Young age at diagnosis is a risk factor for negative late socio-economic effects after acute lymphoblastic leukemia in childhood

Authors


  • Conflict of interest: Nothing to report.

Abstract

Background

The increasing number of survivors after childhood cancer requires characterization of the late complications of these diseases and their treatment. We examined a large number of possible socio-economic late effects following treatment for acute lymphoblastic leukemia (ALL) in order to identify factors leading to a poor outcome.

Procedure

All individuals who had been diagnosed with ALL and who were alive in January 2007 (n = 213; men = 107) were identified from a database of all patients with cancer before the age of 18 in Southern Sweden from 1970 to 1999. For each subject, 50 matched controls were identified from the Swedish Population Register. Information on marital status, children, education, employment, income, and support from the community was obtained from Statistics Sweden.

Results

At the ages of 25 and 30, survivors of ALL had attained a lower level of education than controls.

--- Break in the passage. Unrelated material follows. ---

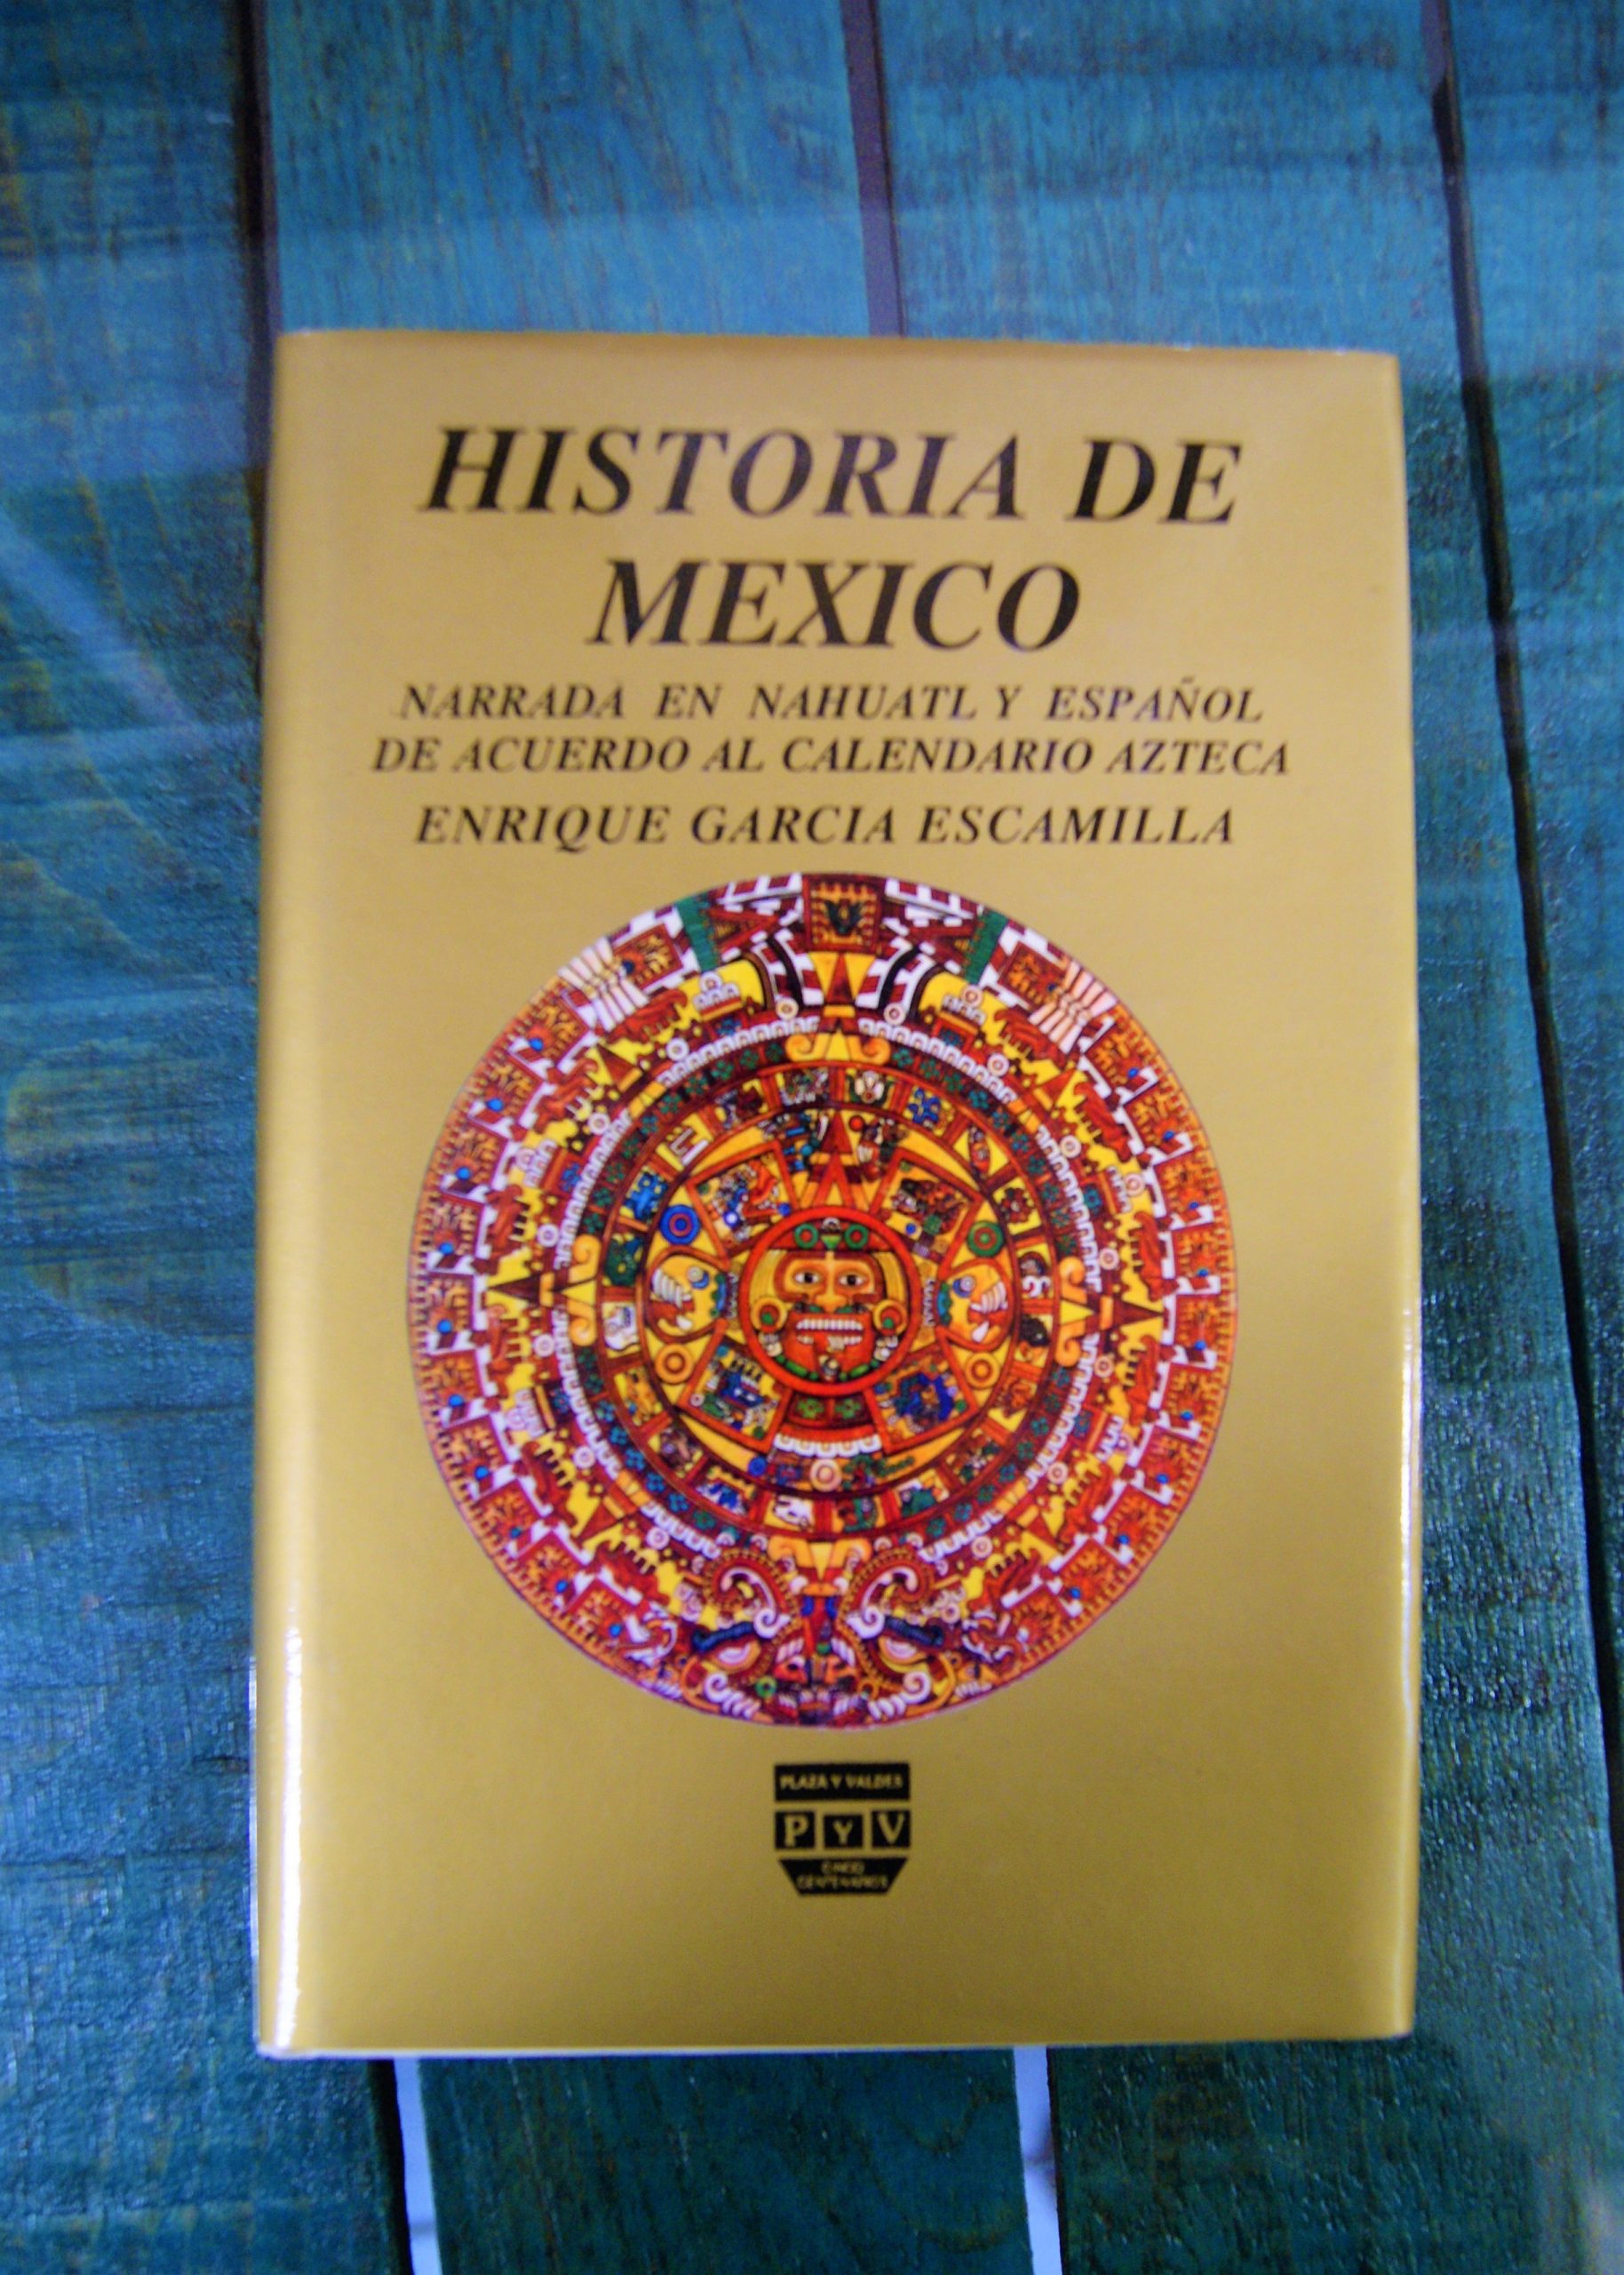 GARCÍA ESCAMILLA ENRIQUE. HISTORIA DE MÉXICO. NARRADA EN NÁHUATL Y ESPAÑOL  DE ACUERDO AL CALENDARIO AZTECA -

At the age of 30, they were less often employed (70% vs. 82%, P = 0.019), less often married (19% vs. 32%, P = 0.019), and had children to a lesser extent (31% vs. 47%, P = 0.011) than controls. We identified young age at diagnosis as a risk factor for adverse outcome in the majority of the socio-economic variables studied, apart from the known risk of cranial irradiation treatment. Furthermore, female survivors had a greater risk of achieving a lower level of education than both male survivors and controls.

Conclusions

Young age at diagnosis, as well as treatment with cranial irradiation, is a risk factor for socio-economic late effects after treatment for ALL in childhood. Pediatr Blood Cancer. 2010;55:698–707. © 2010 Wiley-Liss, Inc.